Kevin Power’s book, The Yellow Birds, is his first novel and one of the best written accounts of the life of a Soldier in combat that I have read since coming to the Army nearly 35 years ago. It is fiction but Power’s combat experiences are real and it is clear that he has seen into the hearts of many combat Soldiers in a most brutal environment.
His main character, Private Bartle, is a young man with a gift for prose and poetry who joins the Army against his mother’s wishes. He immediately deploys to Tal Afar, Iraq during a time of visceral give and take between Sunni insurgents and the US brigade fighting for control of the city.
Powers contrasts life in combat with life trying to return to normalcy at home by alternating scenes between home and the Army. Bartle struggles to maintain his humanity in combat and to come to terms with his combat experience when he returns home. He finds it difficult to be near family, friends, and a community who cannot understand the very different life he experienced in Iraq. He and his fellow Soldiers had to make hard choices among harsh and ugly alternatives and witness the barbarity visited upon the Iraqi people by the insurgents.

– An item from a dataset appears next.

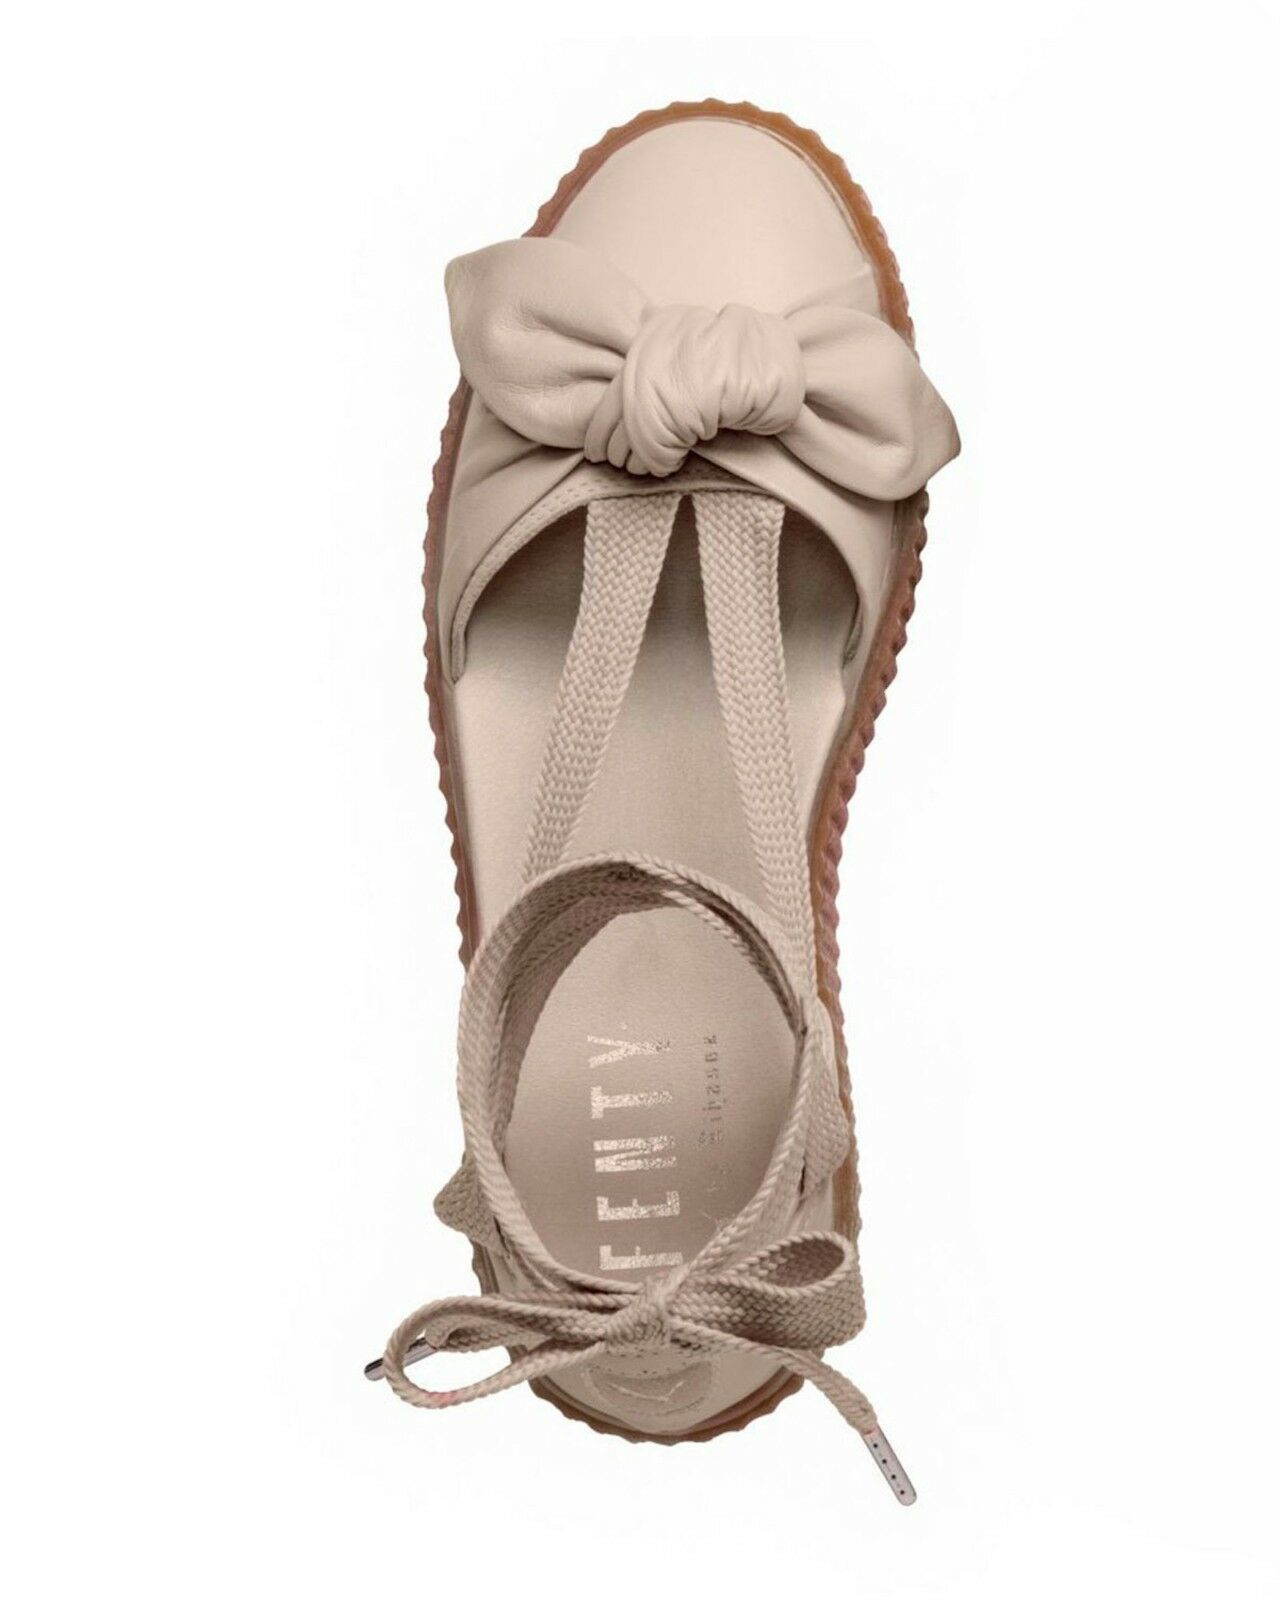 Fenty Puma by Rihanna Leather Bow Creeper Sandal Oatmeal Sz 9.5 140 NEW
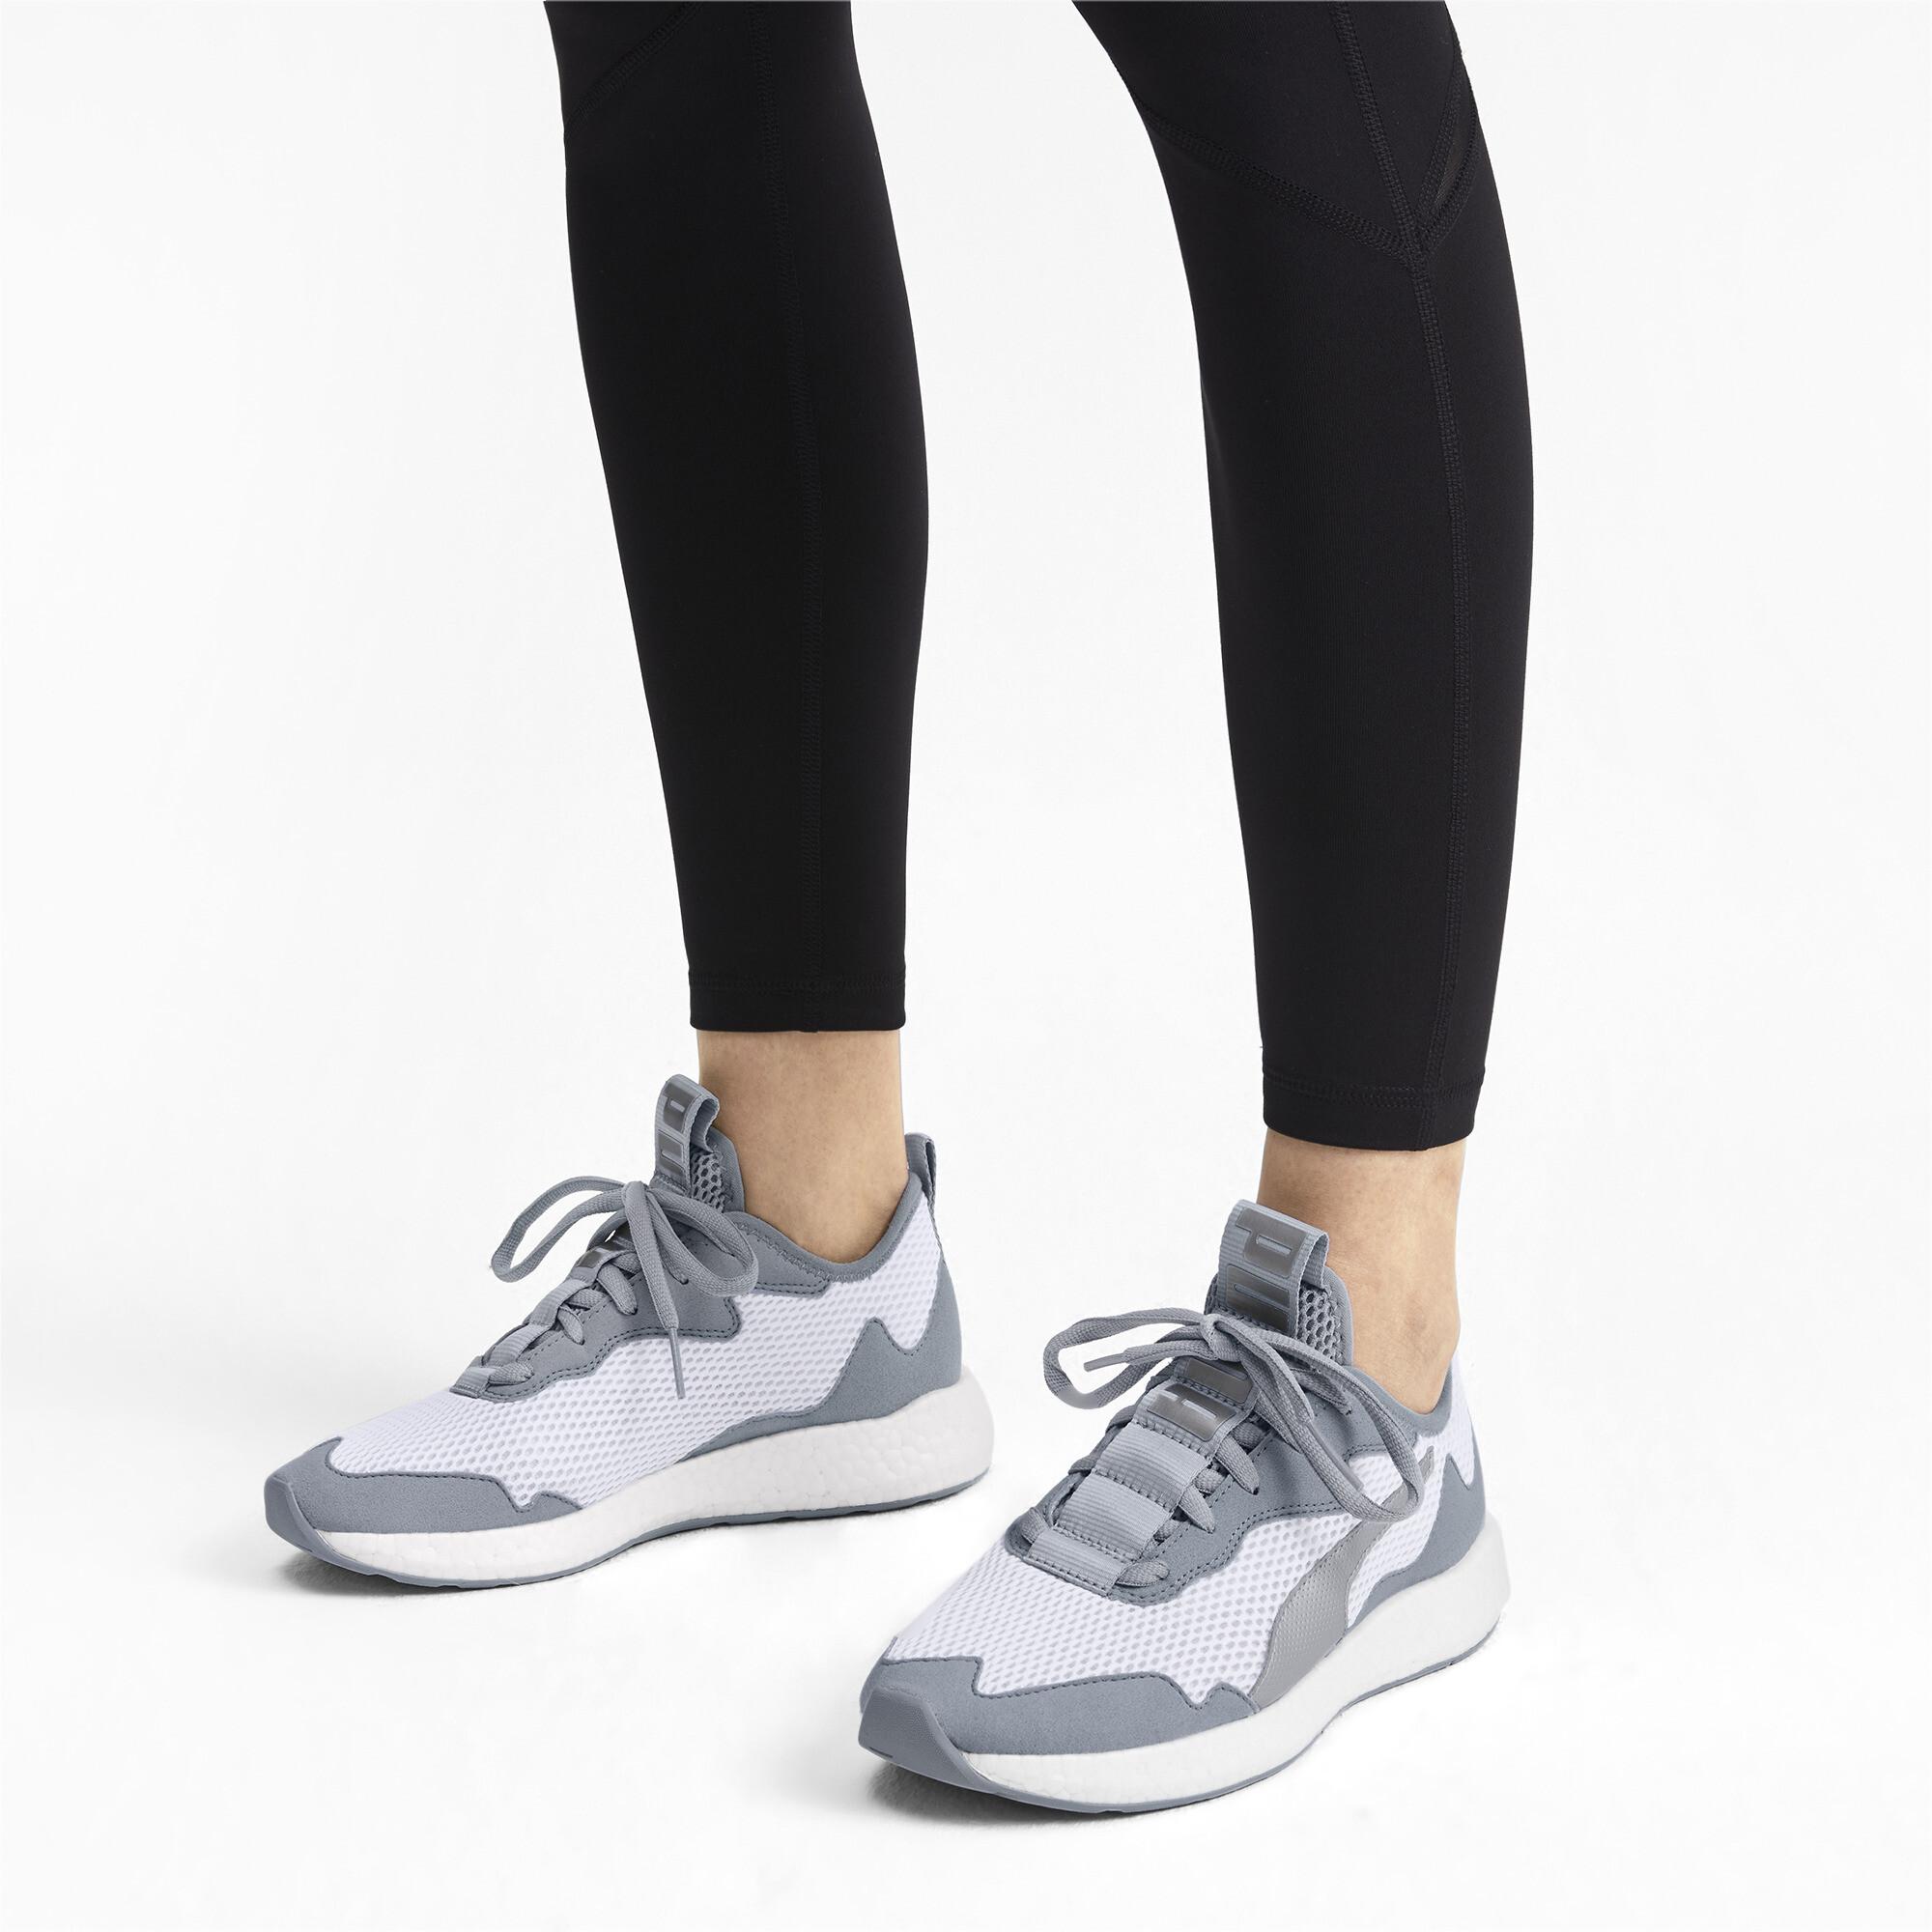 PUMA-Women-039-s-NRGY-Neko-Skim-Running-Shoes thumbnail 5

While waiting for his plane home from Germany, Bartle goes AWOL to be alone with his memories and to find solace. On his way to a part of a German town where Soldiers go to drink and seek the company of women he passes a Cathedral. The Cathedral’s beauty draws him through the doors and as Bartle contemplates depictions of Saints’ being martyred, a Priest attempts to befriend him. As they sit next to each other in a pew Bartle’s demeanor and nervous habits prompt this tender Priest to ask him about his burden. “Would you like to talk” Father Bernard asks. “Like confession?” Bartle responds. “I’m not Catholic or anything like that.” “No, just talk” says Father Bernard. “I made a promise years ago that people could tell me things they could not tell others. You know, there is an old saying about situations like this…..we are only as sick as our secrets.”
His comment is one of the most insightful spiritual truths that I have come across. It was as if that sentence had been waiting to reach me because it struck me so intensely. I immediately thought of the woman at the well and the conversion and joy she experienced after feeling compelled to shed her secrets to Jesus. I thought of the mute man from whom Jesus drove out a demon and the woman caught in adultery and their new found freedom.
Over the years I have talked with many non-Catholics and Catholics who don’t understand or see the need to confess their sins to a Priest and do Penance. I offer Jesus telling the Disciples that they have the power to forgive sin. I talk of the sacramental grace bestowed in confession and penance and the need to receive the Eucharist worthily. Rarely have I felt that I succeeded beyond planting a seed. But the fact that in confession we can shed the burden of our secrets and hence the source of our sickness is compelling. I pray that this insight will be helpful and make a greater difference to others or plant a seed with a greater chance of germinating.
I don’t believe that most of us are aware that sin bestows a lasting burden that weighs us down. It further dulls our conscience, creates defensiveness, and diminishes our internal and external moral authority. It reduces our capacity to love others. By fully examining our conscience using the proper guidance, we uncover what we have repressed or hidden. By telling a Priest, we unburden ourselves to another human being and we hear the words of absolution, assuring us of God’s mercy and forgiveness. I recently read a line that said “God’s greatest desire is to forgive.”